In the Danish legislation on terrorism from 2002, libraries, universities and other institutions of higher education are explicitly exempt from the rules about registration and storage of the citizens’ use of the telephone, SMS, email, Internet etc. And that this exemption is not mentioned in the EU move, is of the greatest concern to the chairmen of the two largest library organisations in Denmark.
Pernille Drost, newly elected chairman of the Danish Union of Librarians encourages the library world to fight against this kind of legislation. “It is completely contradictory to everything that the library stands for, and it would be catastrophic for democracy, if such legislation were introduced. It would absolutely undermine the libraries and their position in Danish society as important democracy-initiating institutions.

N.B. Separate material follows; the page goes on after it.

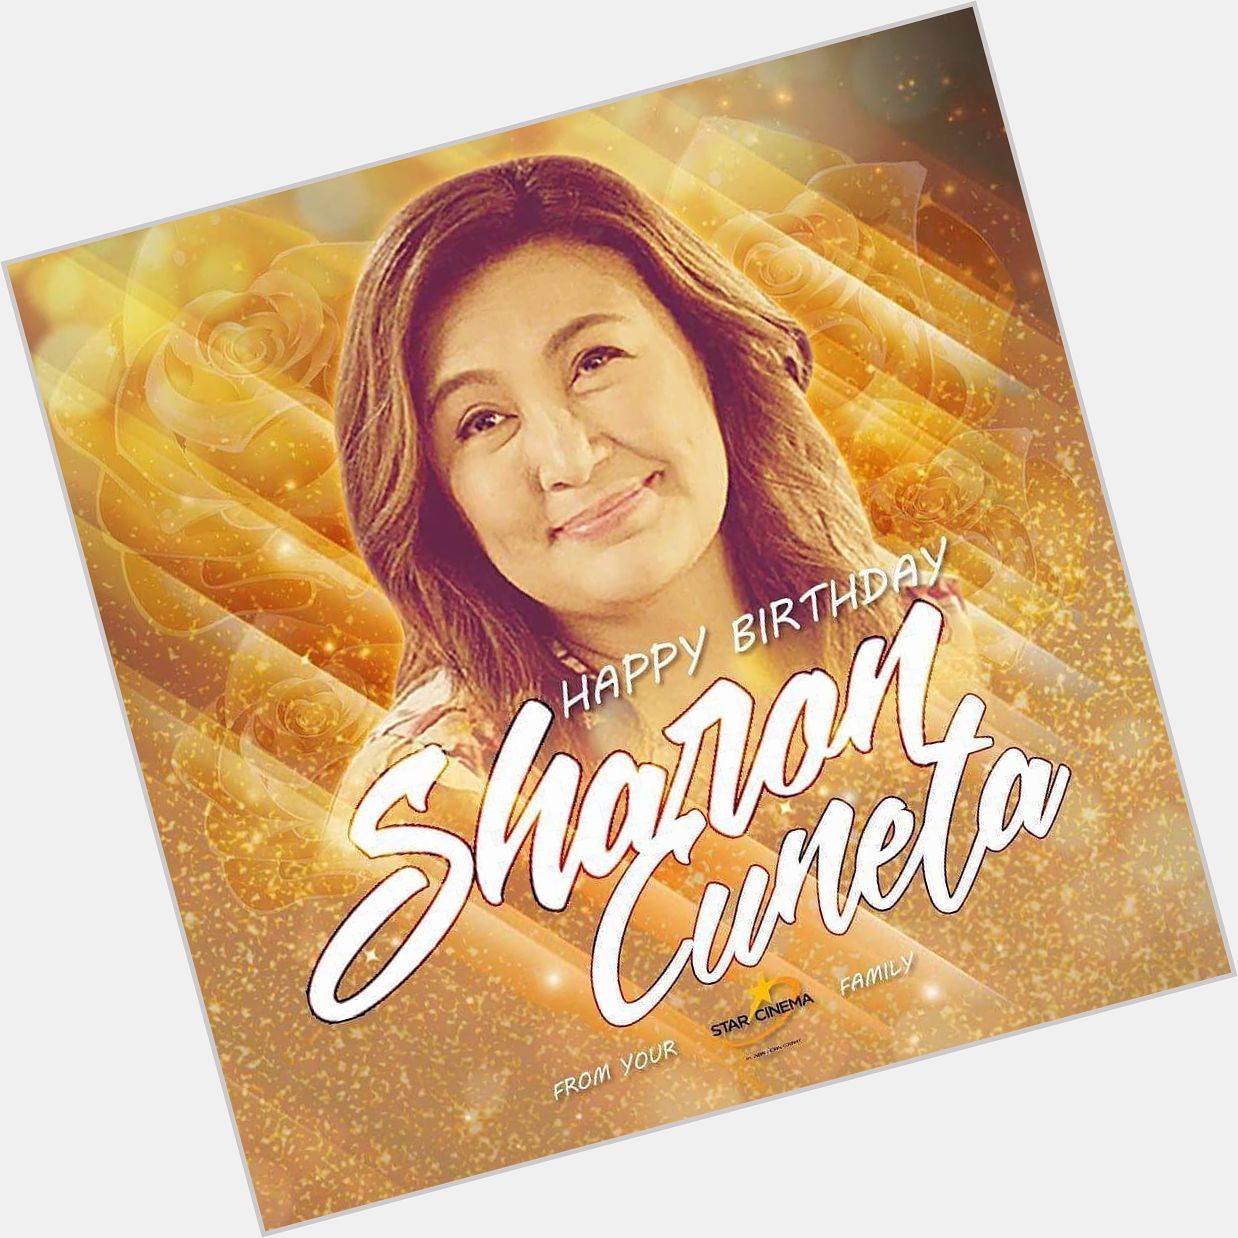 Happy happy birthday to the one and only Megastar Sharon Cuneta! Love, your Star Cinema family

There is no doubt that all libraries and all librarians are opposed to criminal actions on the net and are very conscious of any possible misuse. And the libraries have a very important job in teaching their users, not least the children, to work with the Internet and make sure that no criminal material is passed on or provided. This must be done by guiding the users and building up their information competencies. Not by introducing net filters and a rabid surveillance legislation. That is not the way to solve the problem.”
Finn Vester from the Danish Library Association does not mince his words either: “The libraries must of course do their best to prevent directly criminal actions. But in practice, there is no hard and fast borderline between documented criminal actions and the suspicion that they can happen, and I totally disagree with the plans of the Council of the European Union. They are utterly contrary to the citizens’ legal rights as well as the libraries’ objective of providing free access to information.
All by itself, the library world can hardly induce the Council to change its views, and civil disobedience is not the way ahead for public institutions. But we ought to protest very loudly indeed and point out that we are about to destroy the democratic values which we so much want to preserve.”
Legalising the privacy principle
In Denmark the Internet and the ethical questions that for the libraries have been associated with this, have been dealt with in a publication, published by the Danish Library Association in 2004, with deliberations and facts on the use of Internet filters in the libraries (Er det bedre uden? / Is it better without?), as well as in a report prepared by Hellen Niegaard for the Danish Union of Librarians in 2002 (Bibliotekaretiske retningslinjer / Library-ethical guidelines ( www.bf.dk/udd/udvikling/index.htm)).
Library ethics in general and porno filters in particular have naturally also been discussed in the Danish library press. A code of ethics for the public libraries or for the library profession is not, however, available in print so far.
It is significant, too, that the concept of privacy is not mentioned at all in the Danish library act or the executive order. That it should be included, is something that Pernille Drost strongly endorses. “Proper guidelines would be a help. But legislation is static and reflections on the ethical issue should be part of an on-going discussion – it must not become a pretext for doing nothing. And then there is the individual library, management and staff who have a joint responsibility for working according to those principles. At the same time it is important to remember that this should not apply to the public libraries only – the problematics are also of keen interest to the educational libraries.”
Finn Vester, on the other hand, does not believe it is possible to lay down general rules which can be used everywhere. Or that it is possible to combat the problems by legislation. “It would be better to agree on a codex of ethics for all the libraries in the country, preferably supplemented with local regulations in order to keep the distinctive local character intact.”